Optimize the look and selection of labels on map districts.

Usage

nroLabel(topology, values, gap = 2.3)

Arguments

topology

A data frame with K rows and six columns, see details.

values

A vector of K values or a K x N data frame, where K is the number of map districts and N is the number of variables.

gap

Minimum distance between map districts with non-empty labels.

Value

A data frame with K rows and N columns that contains easy-to-read labels for the map districts for each of the columns in values. The output has the attribute "visible" that contains binary flags to guide visibility.

Details

The function assigns visible labels for districts based on the absolute deviations from the average district value. The most extreme districts are picked first, and then the remaining districts are prioritized based on their value and distance to the other districts already labeled. Columns that are listed in the attribute "binary" in values are given percentage labels.

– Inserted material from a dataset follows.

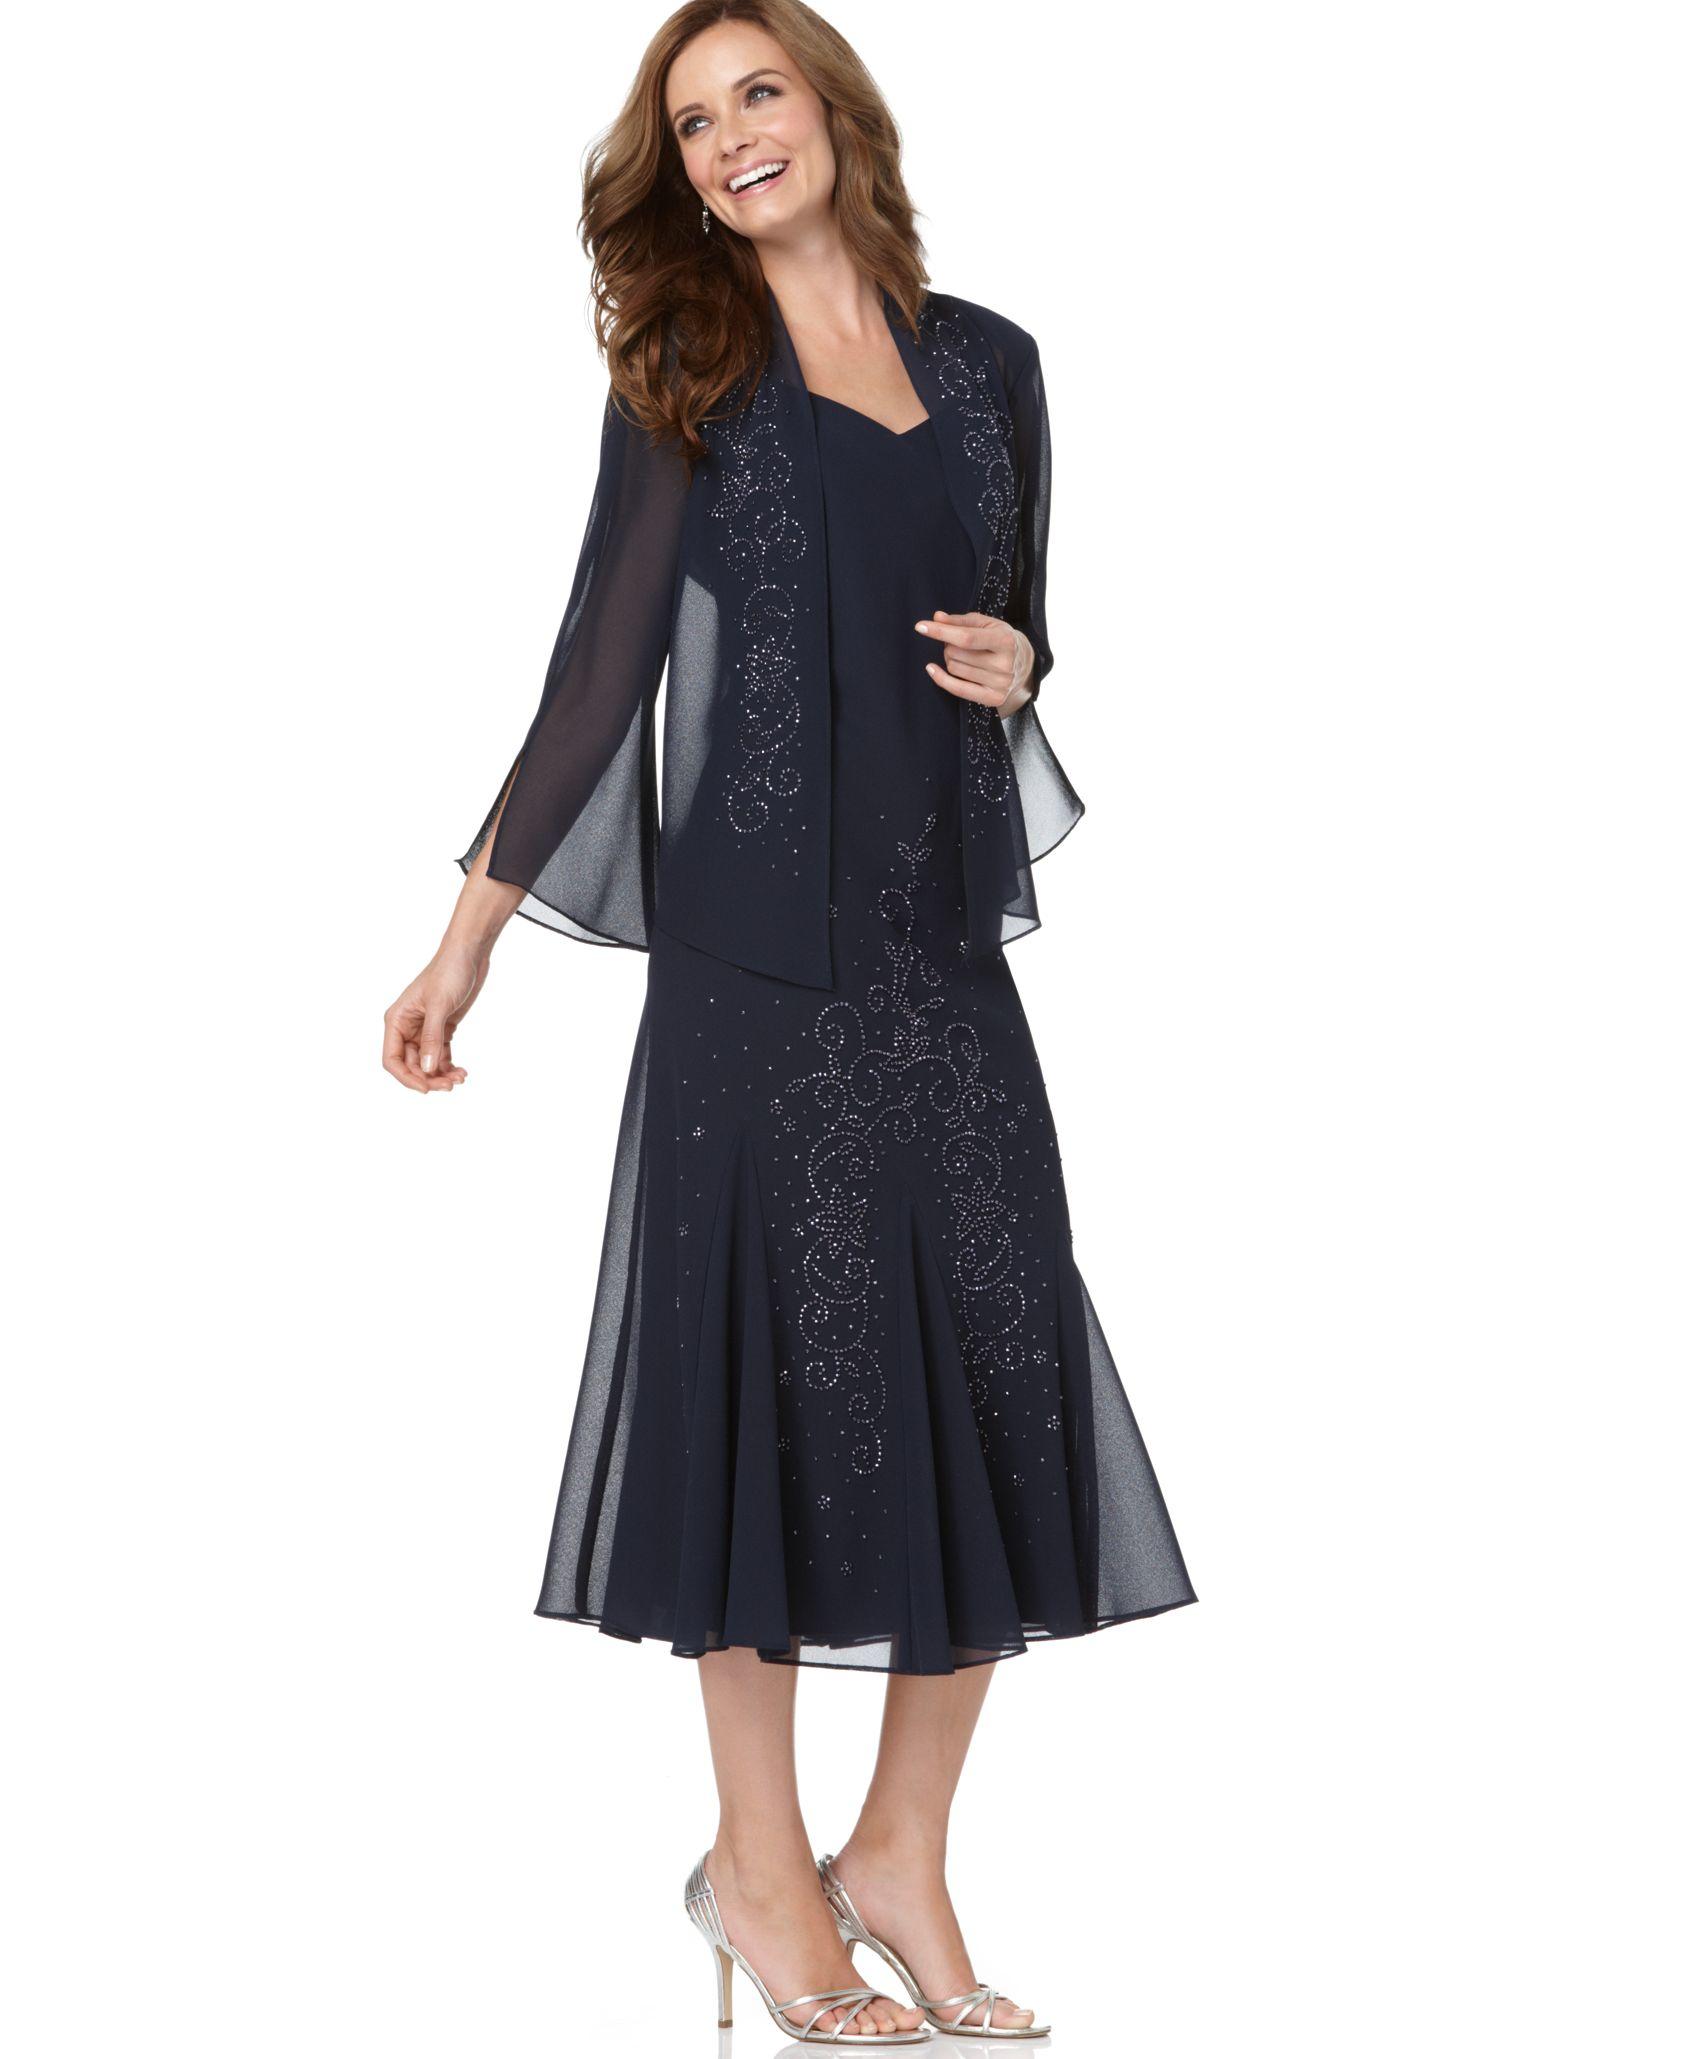 macys grey dresses photo - 1

Topology can be either the output from nroKohonen() or a data frame in the same format as the element topology within the aforementioned output list.

References

Gao S, Mutter S, Casey AE, M<U+00E4>kinen V-P (2018) Numero: a statistical framework to define multivariable subgroups in complex population-based datasets, Int J Epidemiology, https://doi.org/10.1093/ije/dyy113

Examples

Run this code
# NOT RUN {
# Import data.
fname <- system.file("extdata", "finndiane.txt", package = "Numero")
dataset <- read.delim(file = fname)

# Prepare training data.
trvars <- c("CHOL", "HDL2C", "TG", "CREAT", "uALB")
trdata <- scale.default(dataset[,trvars]) 

# K-means clustering.
km <- nroKmeans(data = trdata)

# Self-organizing map.
sm <- nroKohonen(seeds = km)
sm <- nroTrain(map = sm, data = trdata)

# Assign data points into districts.
matches <- nroMatch(centroids = sm, data = trdata)

# District averages for all variables.
planes <- nroAggregate(topology = sm, districts = matches, data = dataset)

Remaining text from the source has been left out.